An emerging high performance photovoltaic device with mechanical stability constants of hybrid (HC(NH2)2PbI3) perovskite

Abstract

Here in, we present the extensive analysis of the parameters associated with structural, electronic, optical and mechanical properties of HC(NH2)2PbI3 or FAPbI3 (FA = Formamidinium) by using full potential linearized augmented plane wave method (FP-LAPW) within framework on the density functional theory. The band structure shows that FAPbI3 has a direct band gap (1.44 eV) at the symmetry point R (0.5, 0.5, 0.5) and are in best agreement with experimental data. The strong hybridization of s orbitals of Pb and p orbitals of I in valance band plays an important role in the structural stability. From the mechanical constants, we have observed that this is ductile in nature and perfect use for photovoltaic applications.
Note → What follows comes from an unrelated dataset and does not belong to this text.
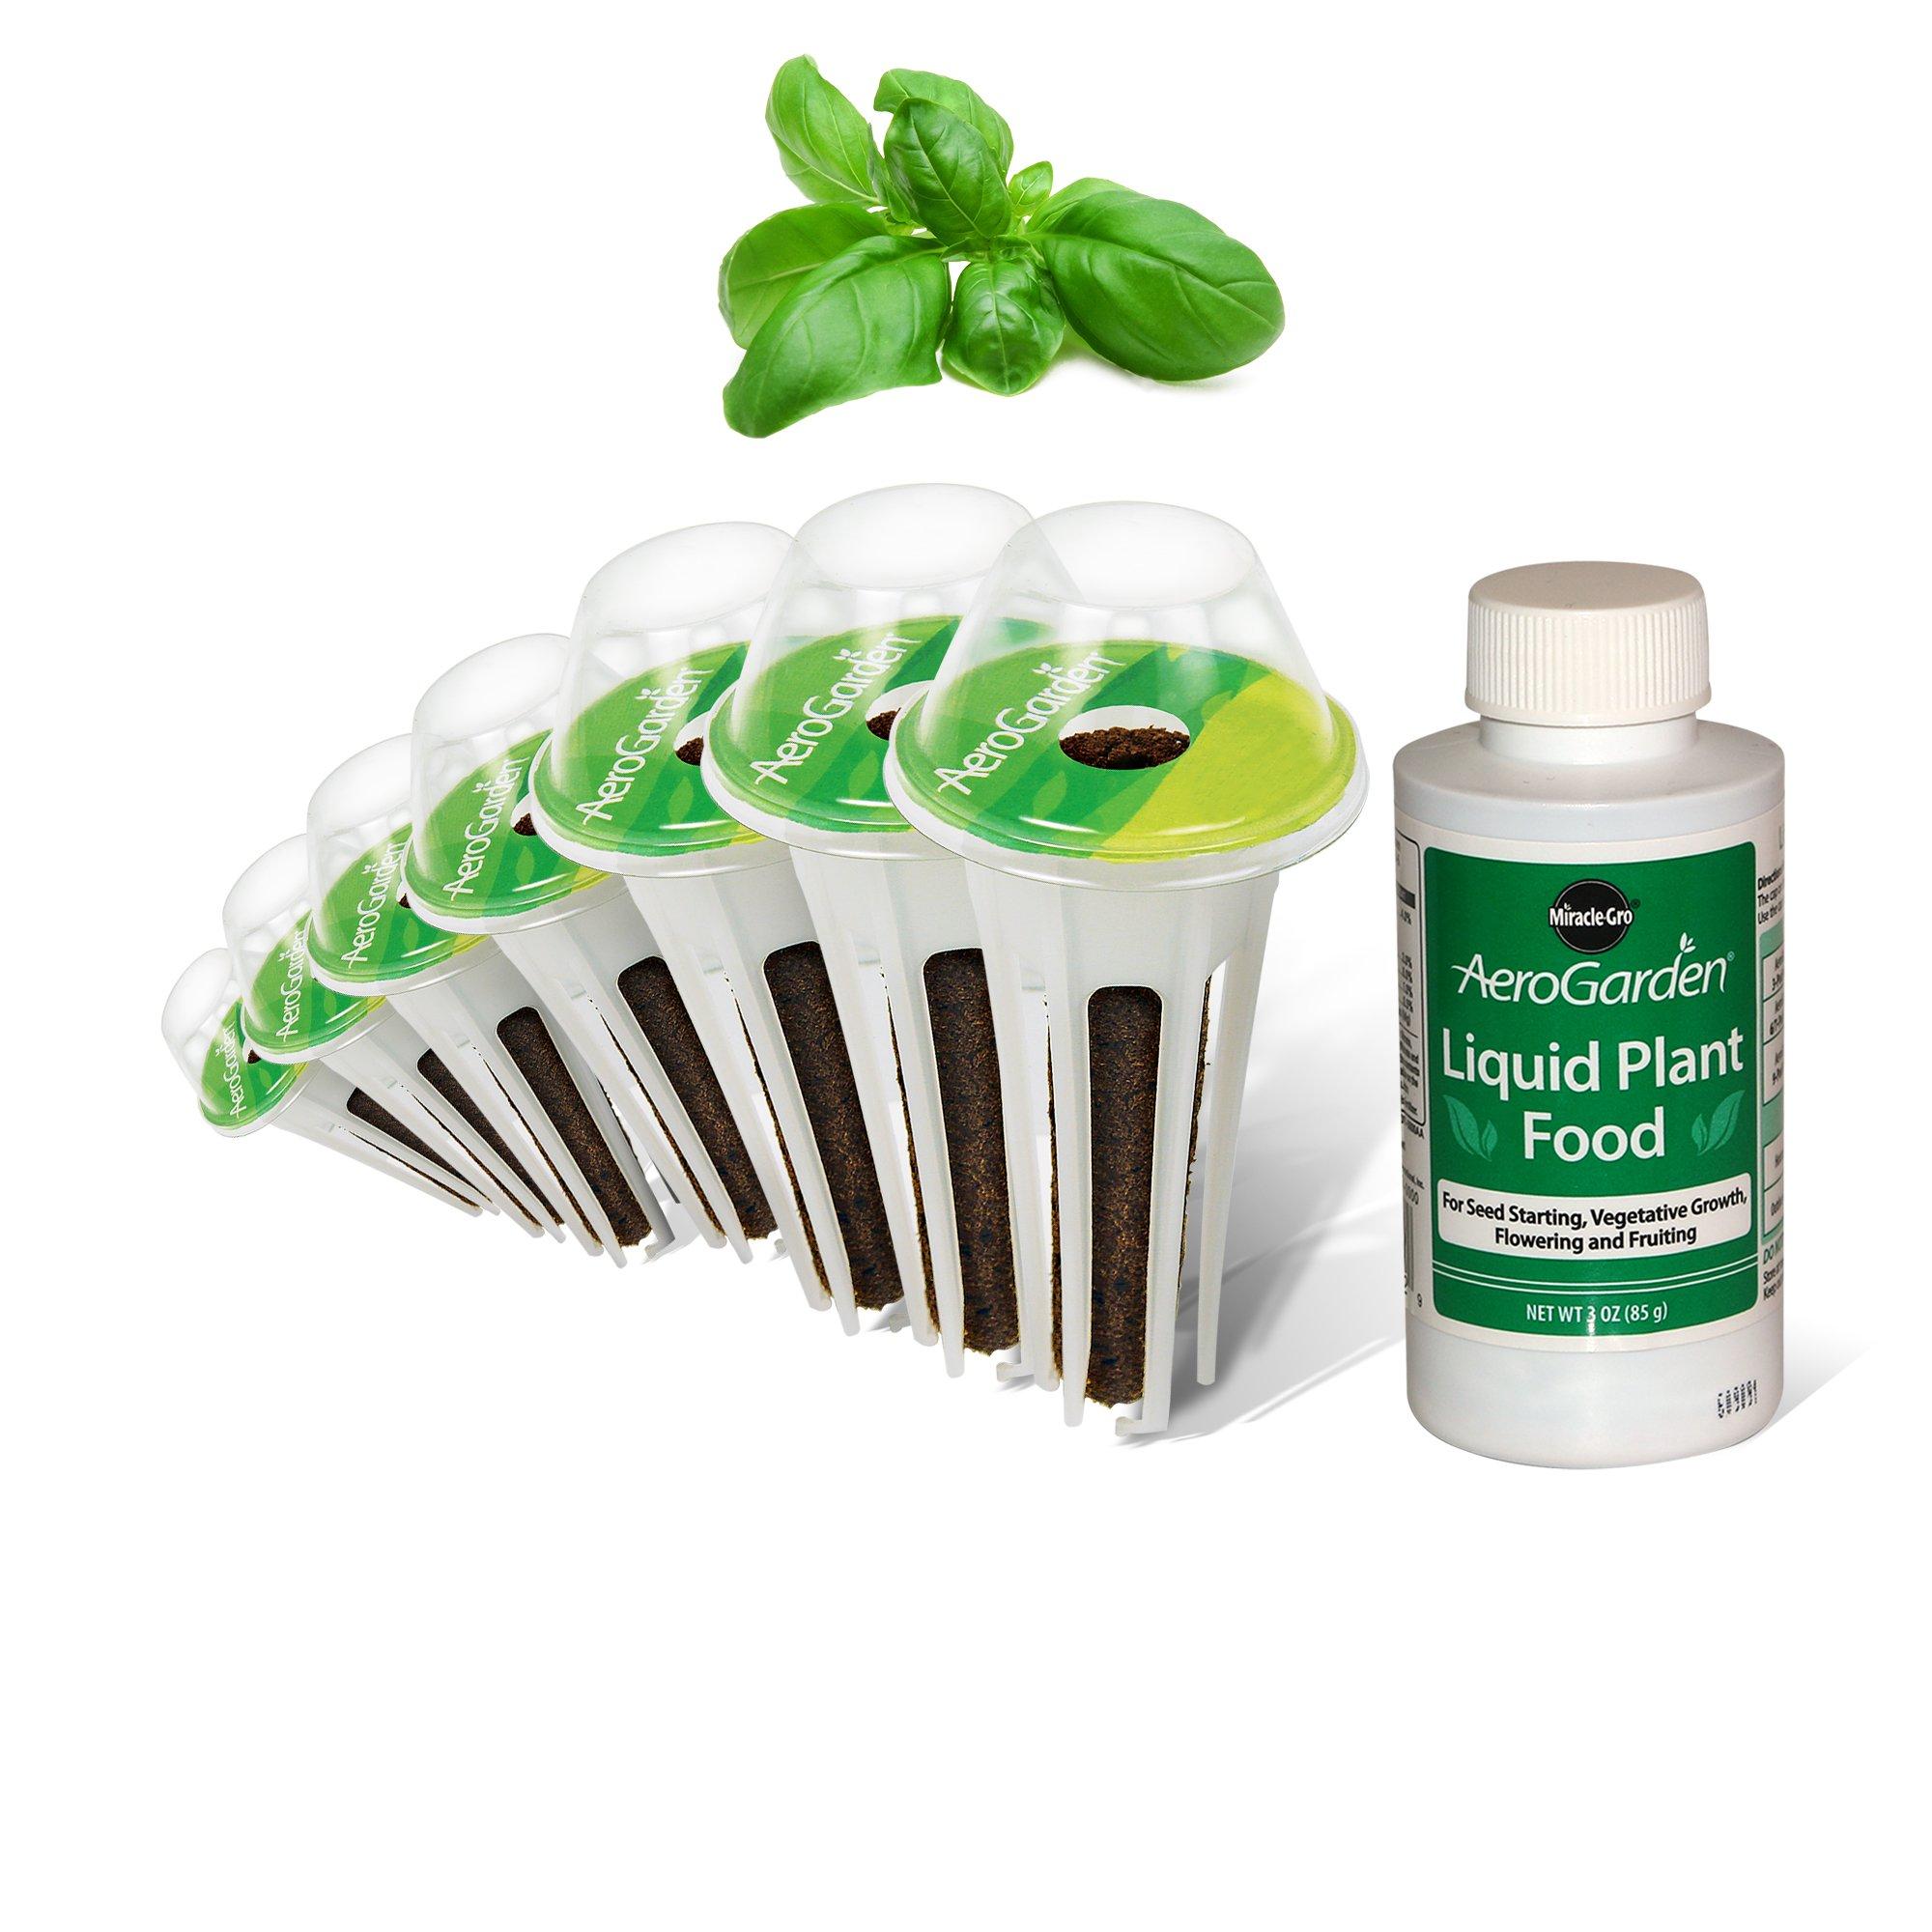 AeroGarden Pesto Basil Seed Pod Kit by AeroGarden

Further, FAPbI3 photovoltaic device has been prepared and device parameters have discussed for ZnO, ZnS, ZnSe, ZnTe and CdS buffer layers. The calculated results for FAPbI3 thin layer solar cell show maximum efficiency (20.48% and 20.77%) with ZnS and CdS buffer layers respectively. The proposed results further validate the prospects of methylammonium (MA) free perovskites and it would be persistent and consistent with the flexible substratum. These are the main features of commercialization perovskite solar cells. Thus, promoting the evolution of cubic FAPbI3, for achieving high performance-based optoelectronic devices and will pave a new path in solar cell industry.